Team 5 from the Institute of Myology Centre of Research, “RNA-repair based therapeutic strategies and skeletal muscle pathophysiology” directed by France Piétri-Rouxel, demonstrated that a minimum level of 40% of dystrophin is necessary both to recover strength and to improve muscle general condition.
How did you obtain these results?
Our team has a long-standing interest in the nNOS protein that binds to dystrophin. Following a preclinical study carried out in Nantes in the GMRD dog, a large animal model of muscular dystrophy, we analysed biopsies expressing increasing percentages of “dystrophin-positive” fibres (2%, 20%, 40%, 65-90%, etc.). The Nantes team first showed at a macroscopic level, that 40% of dystrophin-positive fibres was sufficient for significant recovery of muscle force. We were more interested in events at the molecular level.
What did you analyse?
We examined the level of dystrophin-positive fibres necessary for certain markers to be standardised, particularly the nNOS and iNOS proteins (normally absent but induced during inflammation). In diseased muscle, these two proteins produce NO within the fibre, which is toxic at high levels, especially for the proper functioning of the RyR1 calcium channel. Standardising these markers always occurs at the same percentage of dystrophin-positive fibres: > 40%, regardless of the approach used (molecular biology, immunology or biochemistry). This is totally consistent with the results of the Nantes team on muscle force recovery.
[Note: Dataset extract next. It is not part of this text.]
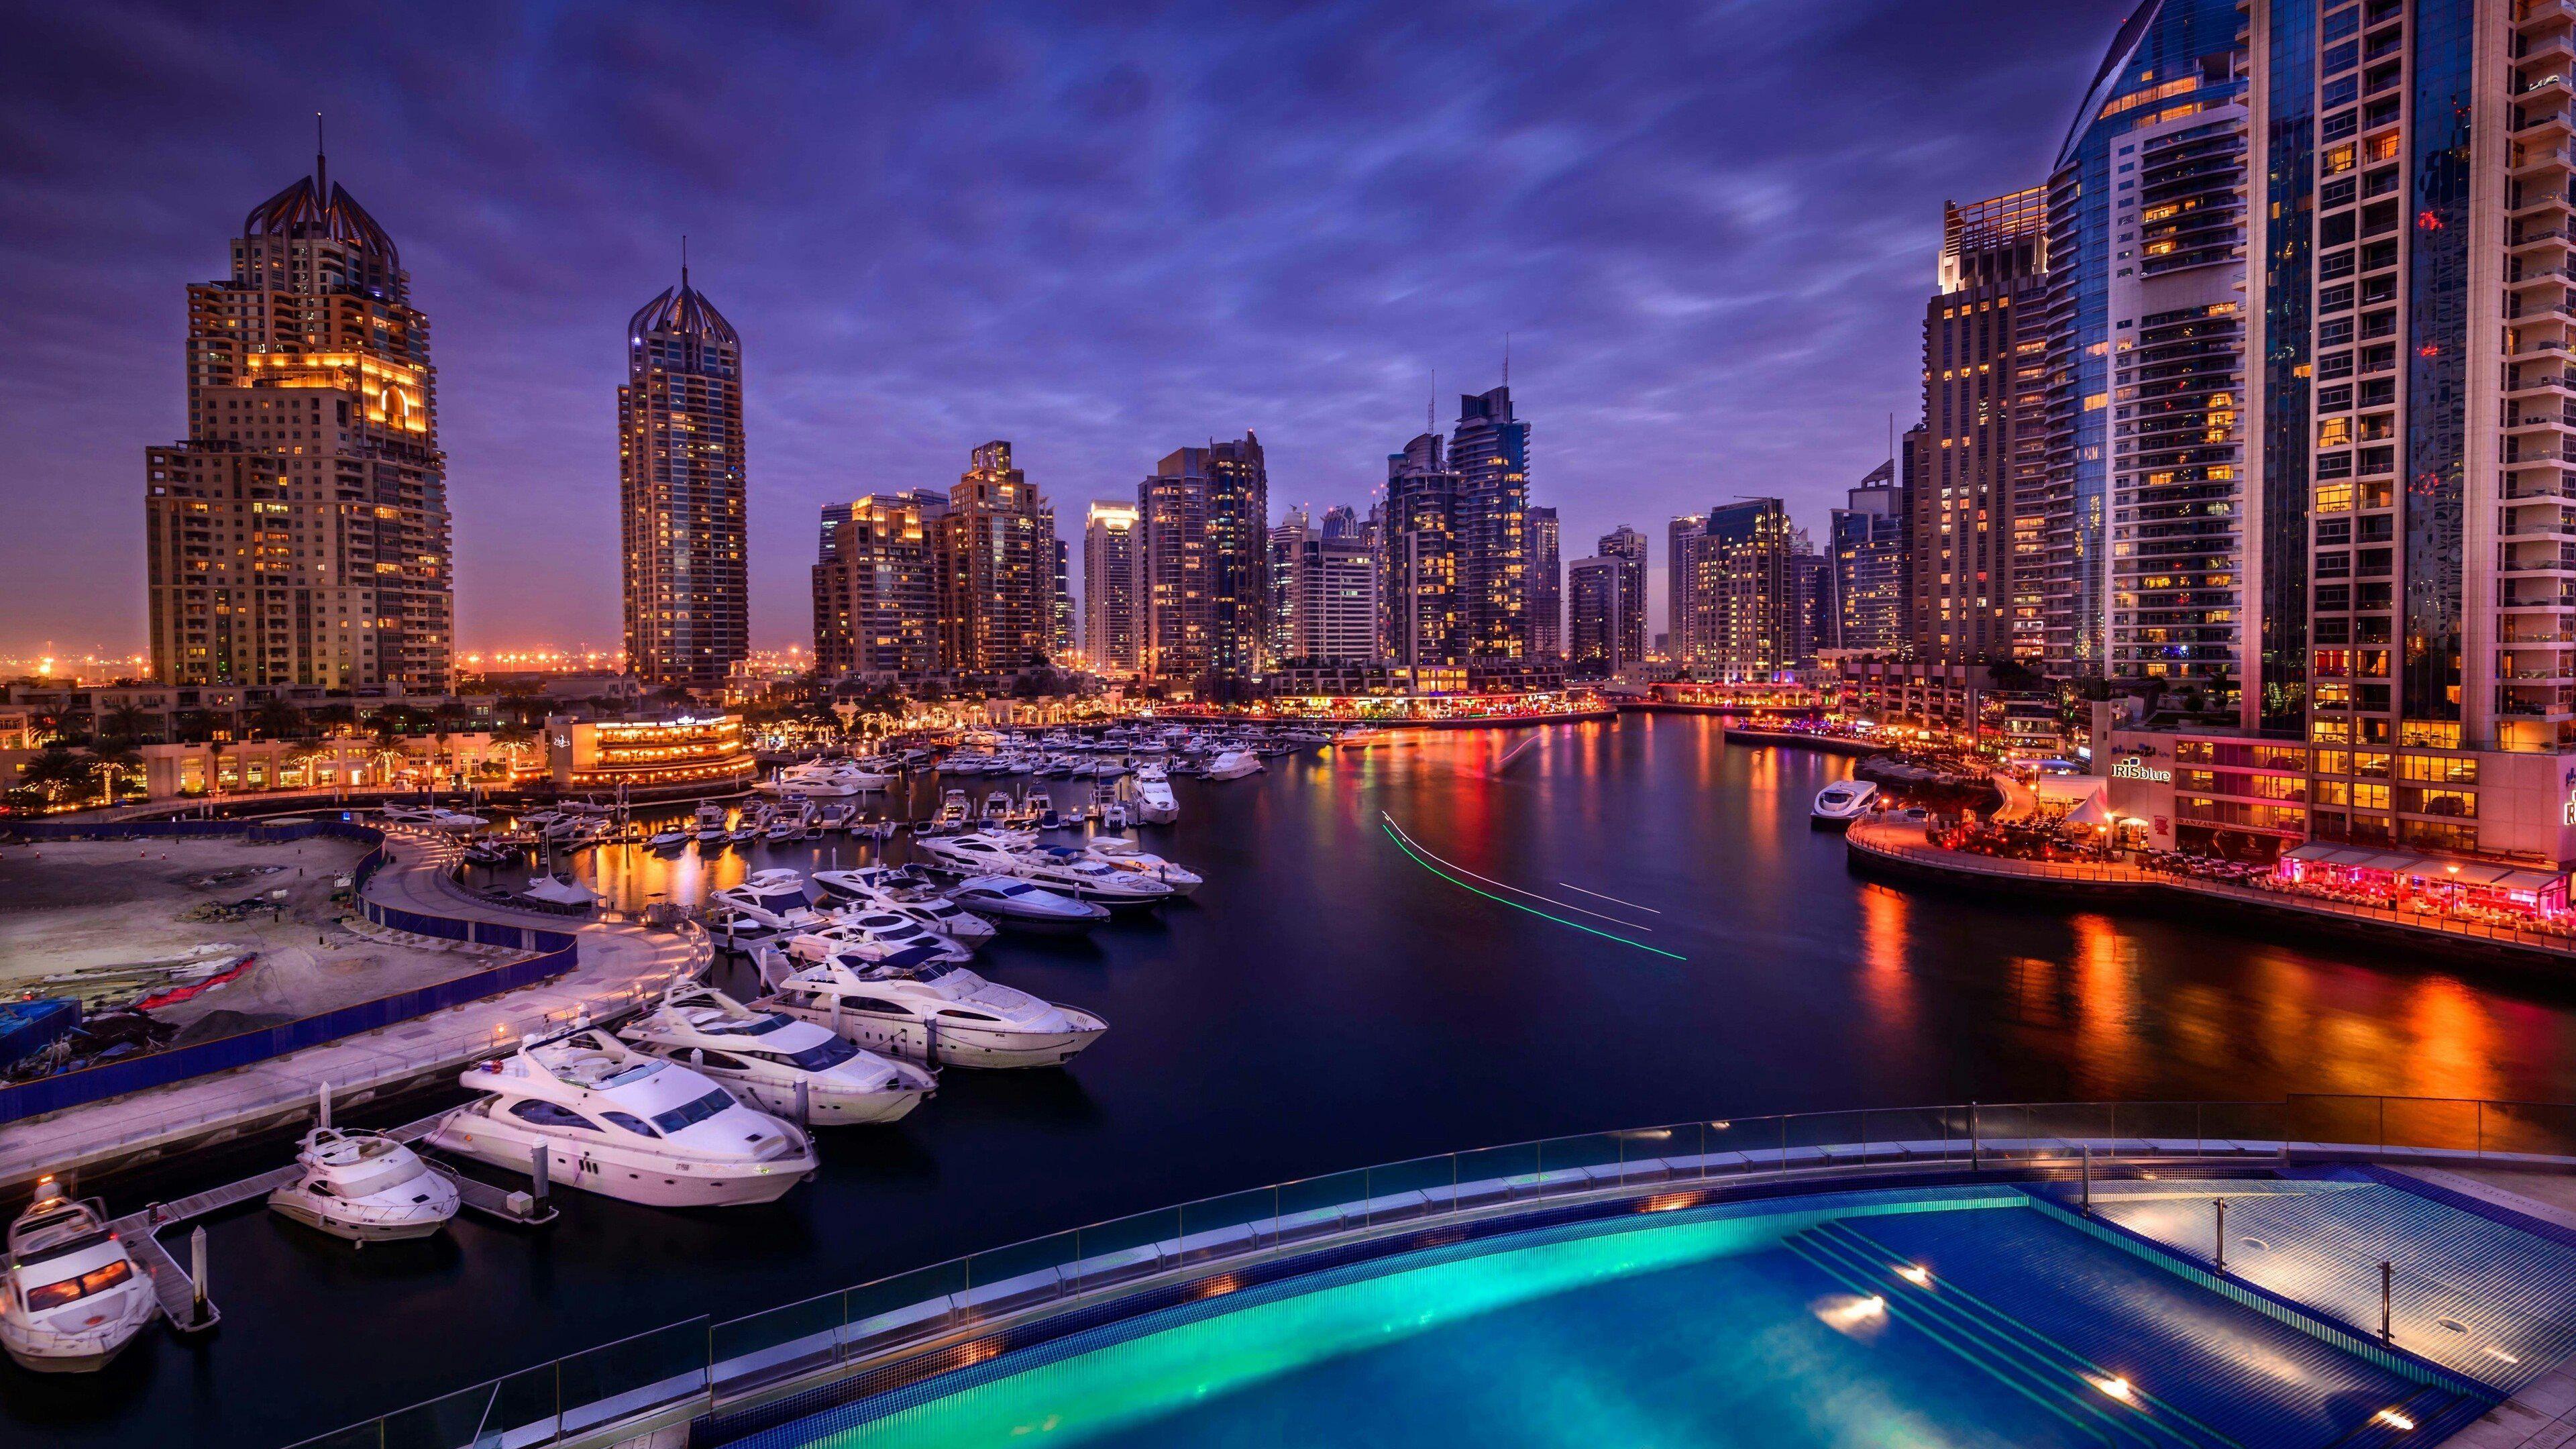 最高の壁紙 ベストセレクション 4k 壁紙 夜景 近代ビル 超高層ビル ドバイ

But if there are 40% dystrophin-positive fibres, this means that 60% of fibres are dystrophin negative. Even if dystrophin is not expressed, the correct levels of nNOS, iNOS and RyR1 markers were measured. So we propose that the 40% dystrophin-positive fibres provides an overall positive environment, in which mechanisms subside and the muscle as a whole, is improved.
What is the next step?
We are now trying to explain why there is a threshold effect, while 60% of the fibres are still dystrophin negative. What creates this positive global environment? Is it a widespread decrease in inflammation? Is it due to regulation of the secretome (a dystrophin negative environment leads the cells to secrete certain proteins in large quantities)? We will test these hypotheses over the coming months.